Первое выступление было в Харькове, потом в Ростове.
Я был озадачен. Меня встречали бурей аплодисментов, а провожали едва хлопая. Значит, чем-то я не угождаю публике, чем-то ее обманываю. Чем?
Это правда, я читаю не по-актерски, однотонно, иной раз вяло. Но неужели на мой вечер приходят только как на вечер «юмориста»? В самом деле! Может, думают: если актеры так смешно читают, то что же отколет сейчас сам автор.
Каждый вечер превращается для меня в пытку.
С трудом я выхожу на эстраду. Сознание, что я сейчас снова обману публику, еще более портит мое настроение. Я раскрываю книгу и бормочу какой-то рассказ.
Кто-то сверху кричит:
— «Баню» давай... «Аристократку»... Чего ерунду читаешь!
Боже мой! — думаю я. — Зачем я согласился на эти вечера...
На сцену летят записки. Это передышка для меня.
Я закрываю книгу.
Разворачиваю первую записку. Оглашаю ее:
«Если вы автор этих рассказов, то зачем вы их читаете?»
Я раздражен. Кричу в ответ:
— А если вы читатель этих рассказов, то какого лешего вы их слушаете!
В публике смех, аплодисменты.
Я раскрываю вторую записку:
«Чем читать то, что мы все знаем, расскажите покомичнее, как вы к нам доехали».
Бешеным голосом я кричу:
— Сел в поезд. Родные плакали, умоляли не ехать. Говорили: замучают идиотскими вопросами.
Взрыв аплодисментов. Хохот.
Ах, если б мне сейчас пройтись на руках по сцене или прокатиться на одном колесе — вечер был бы в порядке...
Без четверти одиннадцать. Можно кончать.
Печально вздохнув, я ухожу со сцены под жидкие аплодисменты.
Сходство со «Случаем в провинции» просто поразительное. Те же бурные овации в начале и жидкие аплодисменты в конце. Те же дурацкие выкрики с мест. Та же зависть к циркачам, которых публика принимает с полной душевной отдачей. Впрочем, новелла кончается более или менее оптимистично.
Я утешаюсь тем, что это не мои читатели. Я утешаюсь тем, что это зрители, которые с одинаковым рвением явились бы на вечер любого комика и жонглера.

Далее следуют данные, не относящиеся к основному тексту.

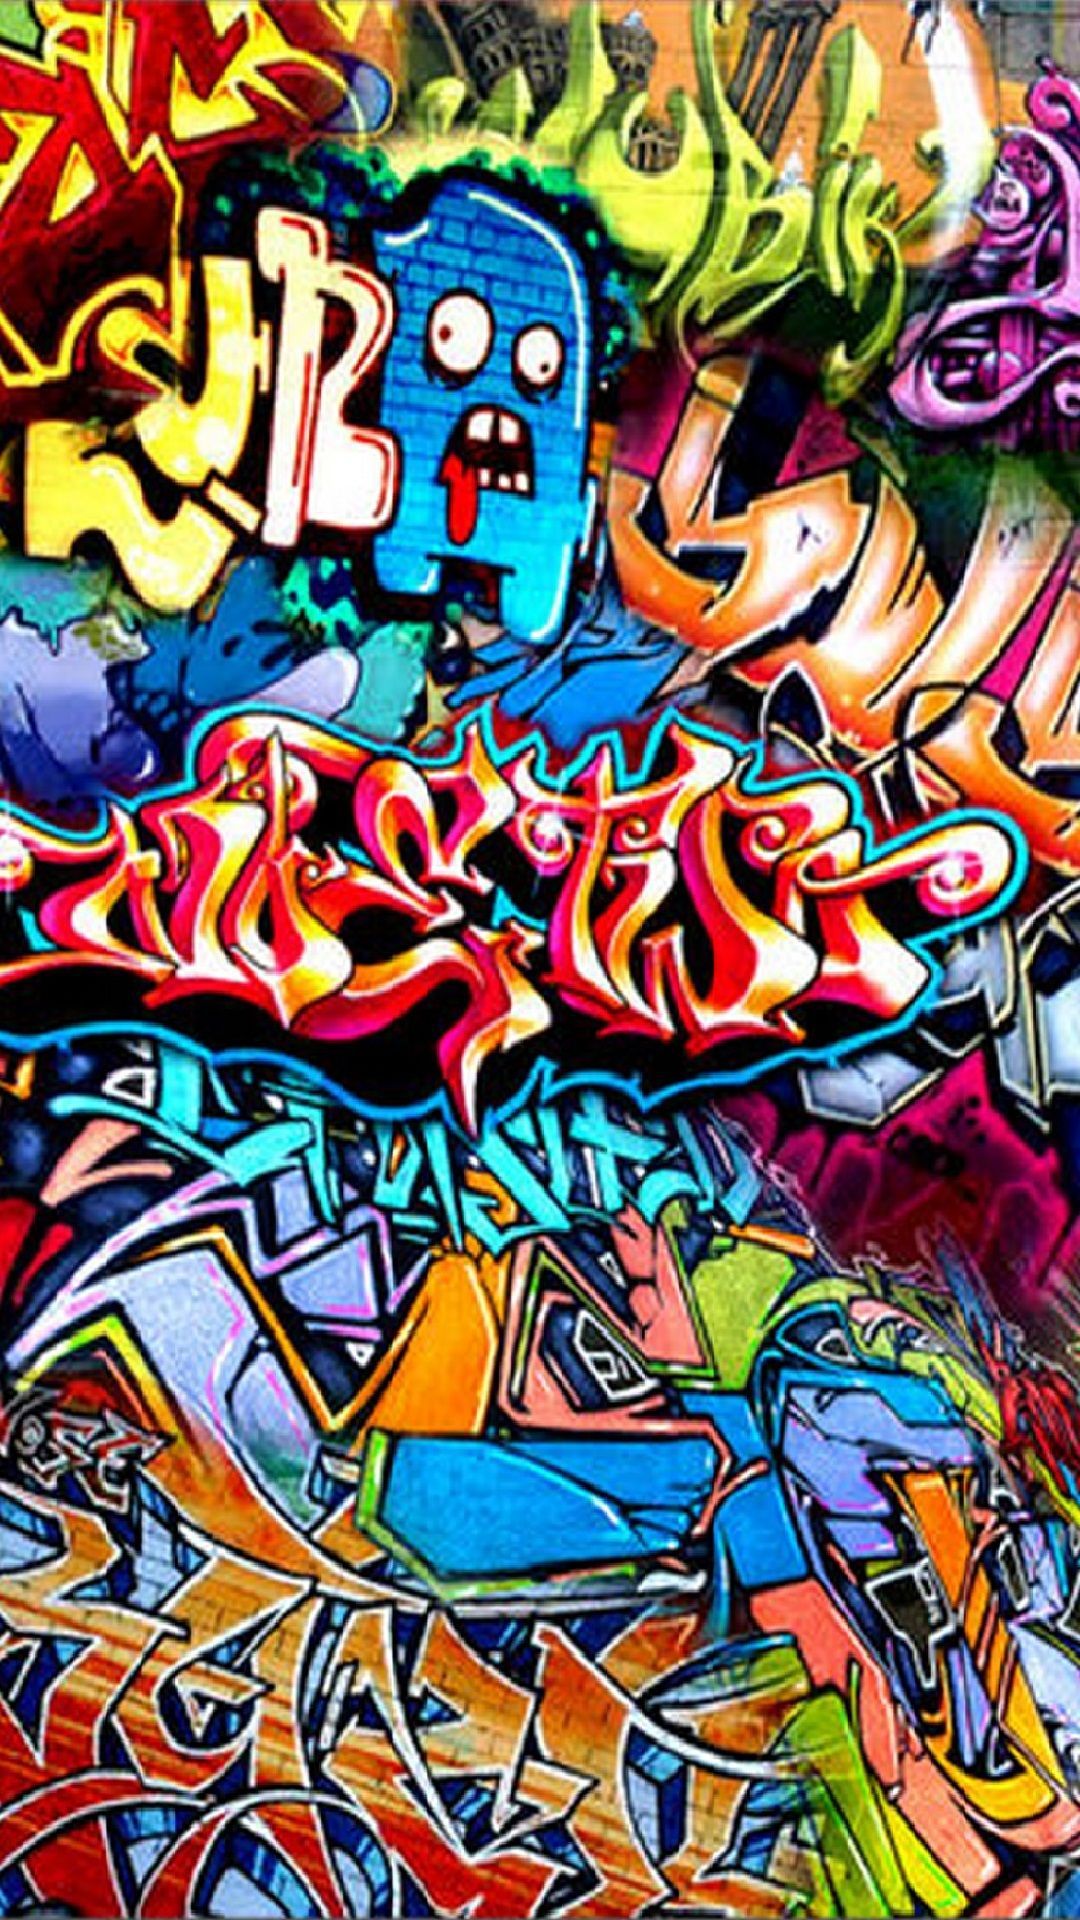 Graffiti wallpaper for your phone. - Graffiti

Однако для такого оптимизма у него, по правде говоря, немного оснований. С читателями более утонченного вкуса никакого контакта у него тоже не получилось.

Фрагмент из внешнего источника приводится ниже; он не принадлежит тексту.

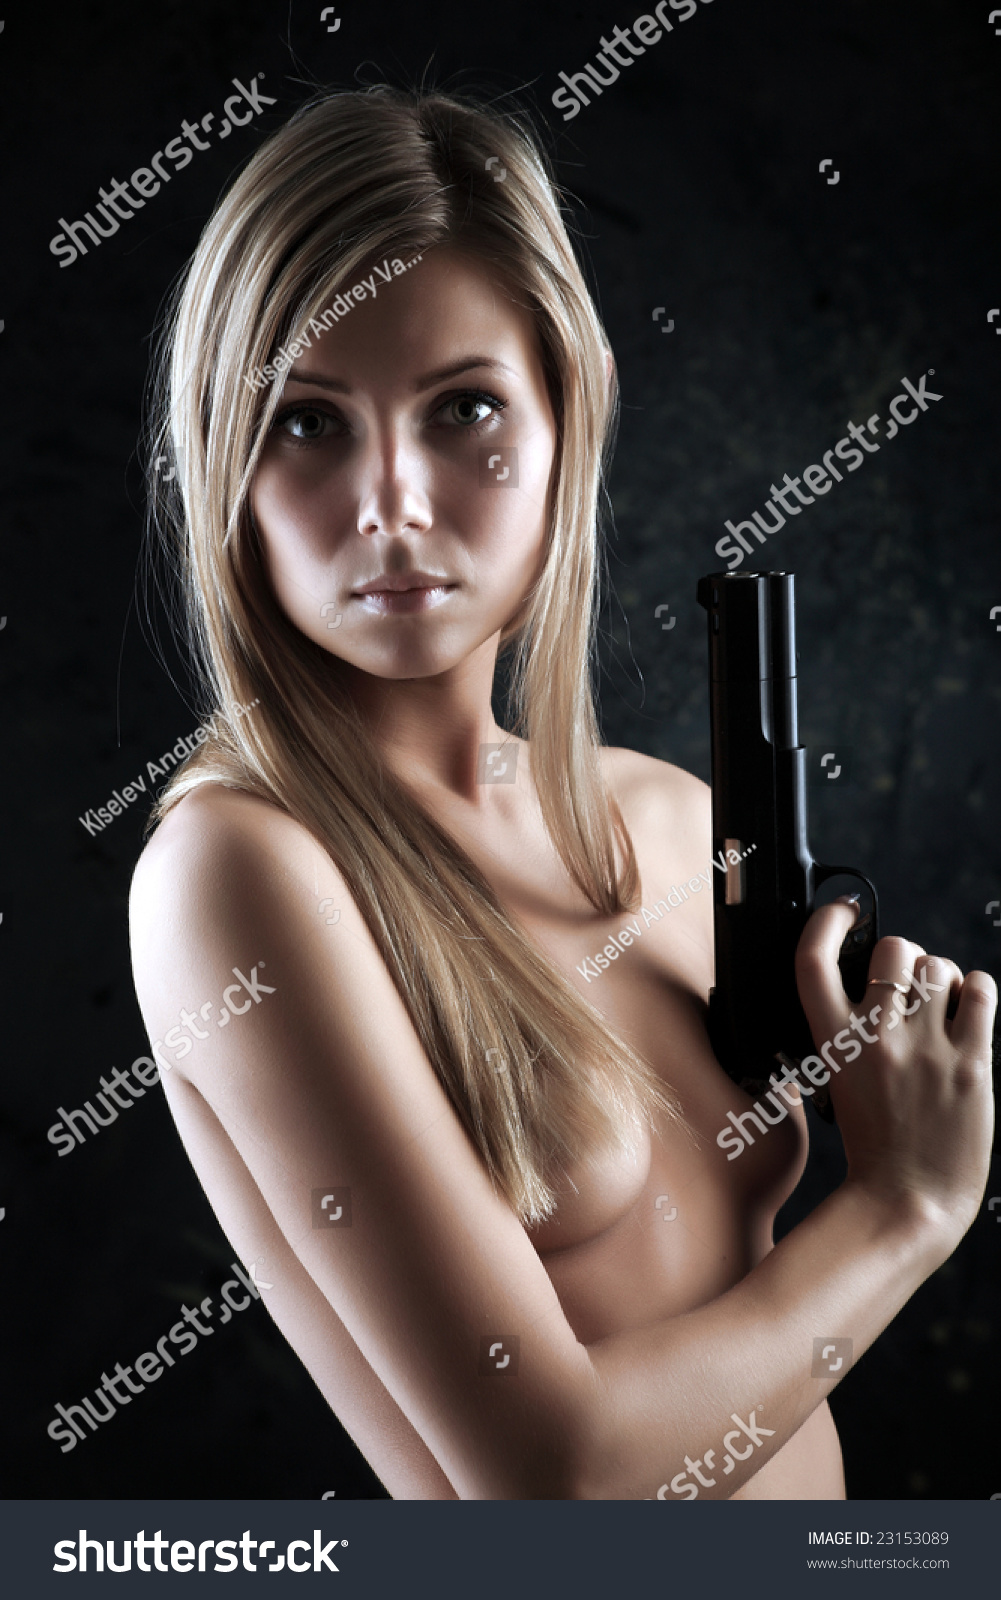 Naked Girls And Guns

Редакция толстого журнала «Современник».
Я дал в этот журнал пять самых лучших маленьких рассказов. И вот пришел за ответом.
Передо мной один из редакторов — поэт М. Кузмин. Он изысканно вежлив. Даже сверх меры. Но по его лицу я вижу, что он намерен мне сообщить нечто неприятное.
Он мнется. Я выручаю его.
— Вероятно, мои рассказы не совсем в плане журнала? — говорю я. Он говорит:
— Понимаете, у нас толстый журнал... А ваши рассказы... Нет, они очень смешны, забавны... Но они написаны... Ведь это...
— Чепуха? — вы хотите сказать, — спрашиваю я. И в моем мозгу загорается надпись под гимназическим сочинением — «Чепуха».
Кузмин разводит руками.
— Боже сохрани. Я вовсе не хочу этого сказать. Напротив. Ваши рассказы очень талантливы... Но согласитесь сами — это немножко шарж.
— Это не шарж, — говорю я.
— Ну, взять хотя бы язык...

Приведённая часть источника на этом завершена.